Kitty Ussher and John McFall announced that:
- 419 new free access cash machines are now operating in low income areas;
- A further 143 locations for free access cash machines have been identified and are planned for end- 2008;
- These 562 free cash machines will benefit around 1.3m residents who as a result will not have to pay charges or to travel outside their community to withdraw cash; and
- Work continues to ensure there is a free access cash machine in every identified target area.
Kitty Ussher said: "This initiative means that over one million people in low income areas no longer have to pay to get hold of their money. This is real progress in our campaign for access to free cash machines in neighbourhoods up and down the country and a step forward for financial inclusion.
"When people have to pay to get their hands on their own money it excludes them from the financial system and these real costs are often borne by those who can least afford it. These new cash machines will help individuals on low incomes to access financial services as easily and cheaply as possible.

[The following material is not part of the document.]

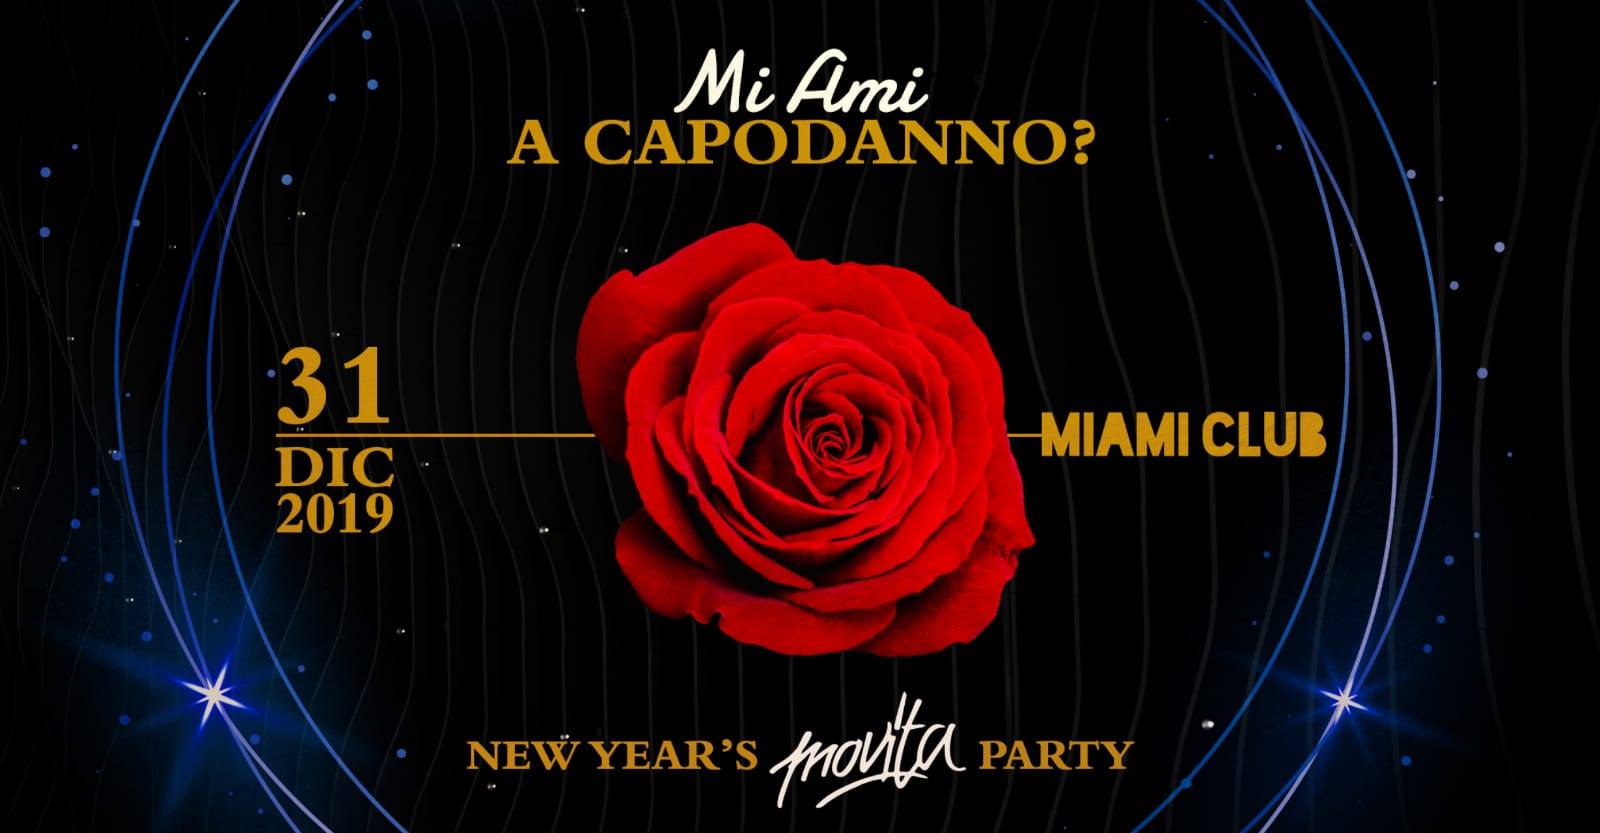 Capodanno Movita Miami Club Monsano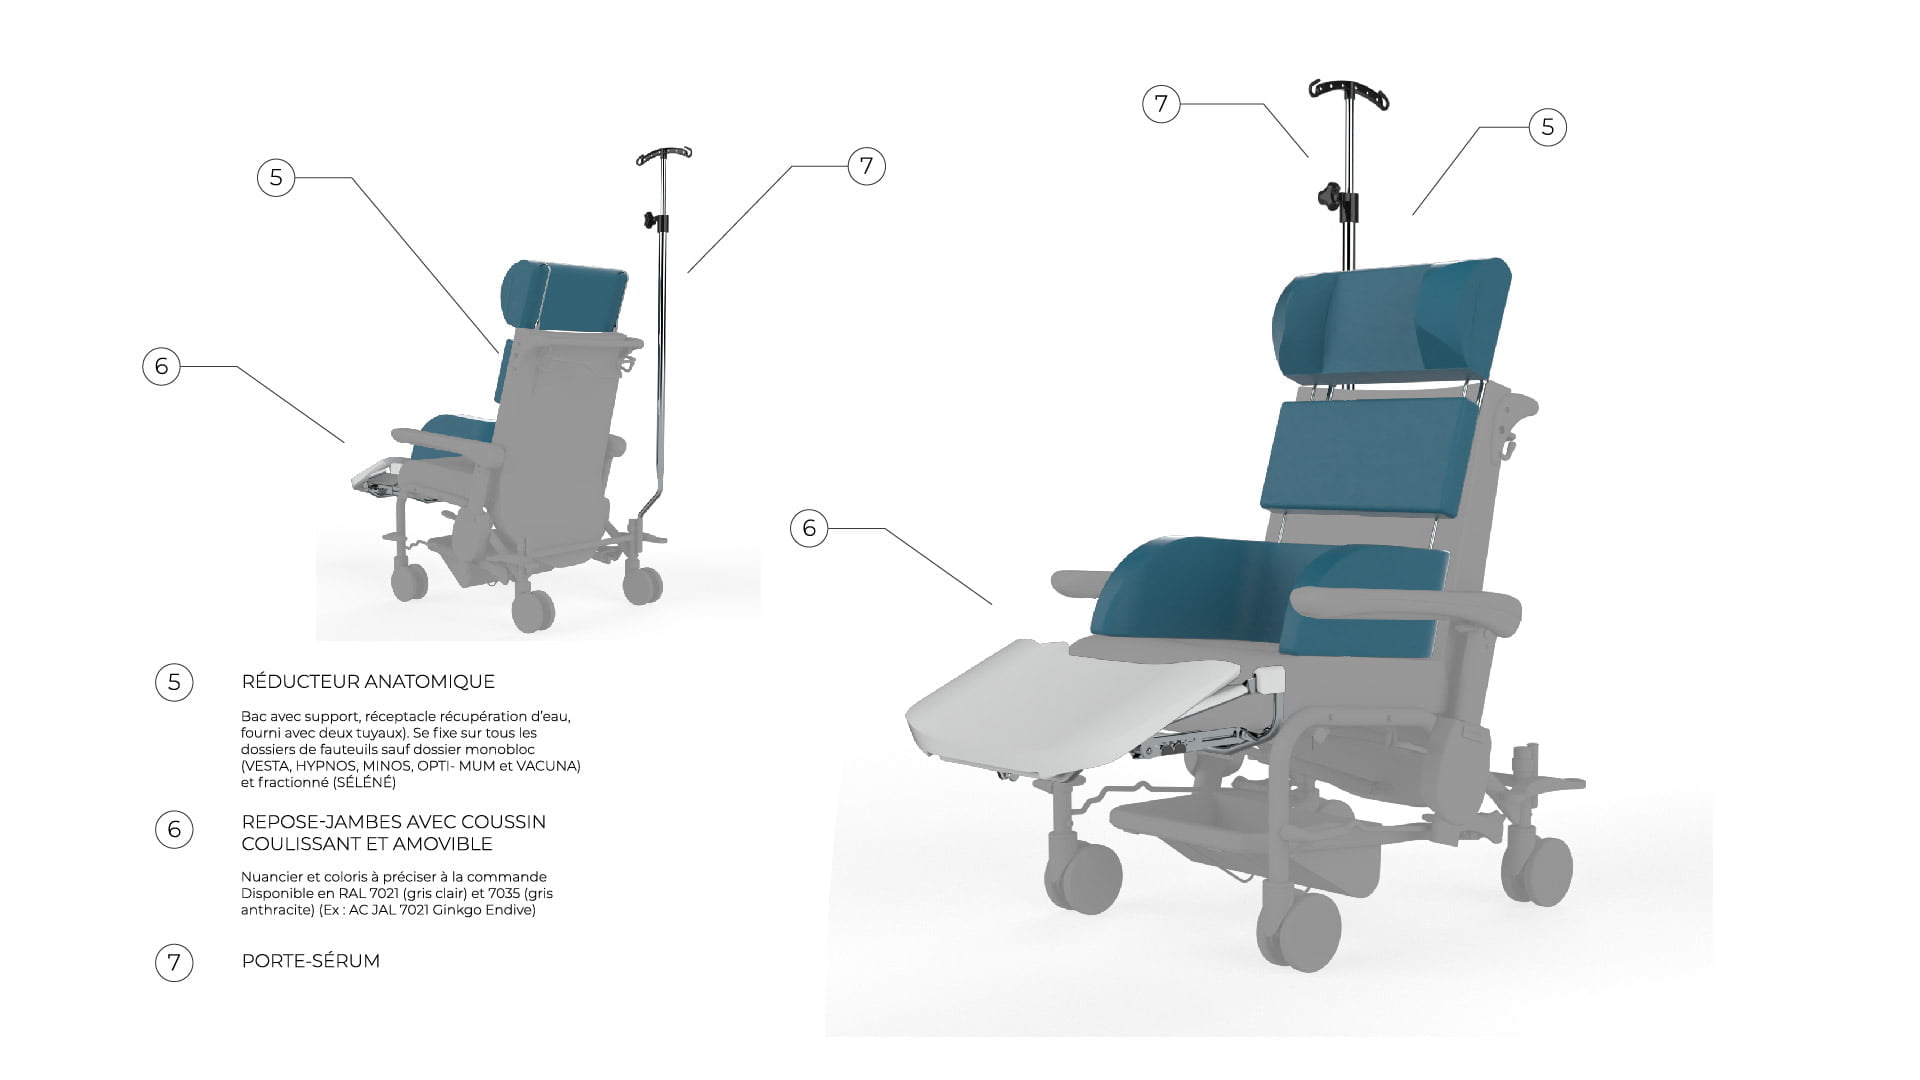 Schéma présentant les différents accessoire pour fauteuil médical Navailles : repose jambe avec coussin, porte sérum

"I am also pleased that the ATM industry had made real steps to improve its signs on cash machines so that it is absolutely clear at a glance whether the machine is free or charging.
"When this initiative is completed and all of the free-to-use machines are in place, around two million low-income Britons will benefit - a fantastic result and I would like to thank all the parties involved for their efforts in make sure this happened."
John McFall said: "In today's society, financial exclusion can lead to social exclusion, as it makes worse the problems that people in low-income areas face. It is vital that every family can access the basic financial services, such as bank accounts and cash machines, which many of us take for granted. This free-to-access ATMs initiative has allowed 1.3 million people in low-income areas to benefit - an outstanding achievement.
"A number of the new cash machines have proven so popular that they now no longer require funding from the scheme-proof that these machines were much needed, and are making a real difference to the communities in which they are located.
"The efforts put in by all those involved in the initiative-in particular, LINK and the cash machine operators-have been commendable. The Treasury Select Committee has worked hard to keep financial inclusion on the agenda for many years now, and I am delighted that, with the help of the Government and the financial services industry, this hard work is paying off."
LINK, the operator of the UK cash machine network, has been coordinating efforts to place the cash machines in low-income areas, and enforcing the rules on cash machine charging and signage.
Kitty Ussher and John McFall also praised the work of LINK to update screen information and make changes to external signage at the majority of pay-to-use cash machines. This ensures that charging machines meet good practice standards for "at a glance" signage, enabling customers to quickly and easily distinguish between charging and non-charging machines.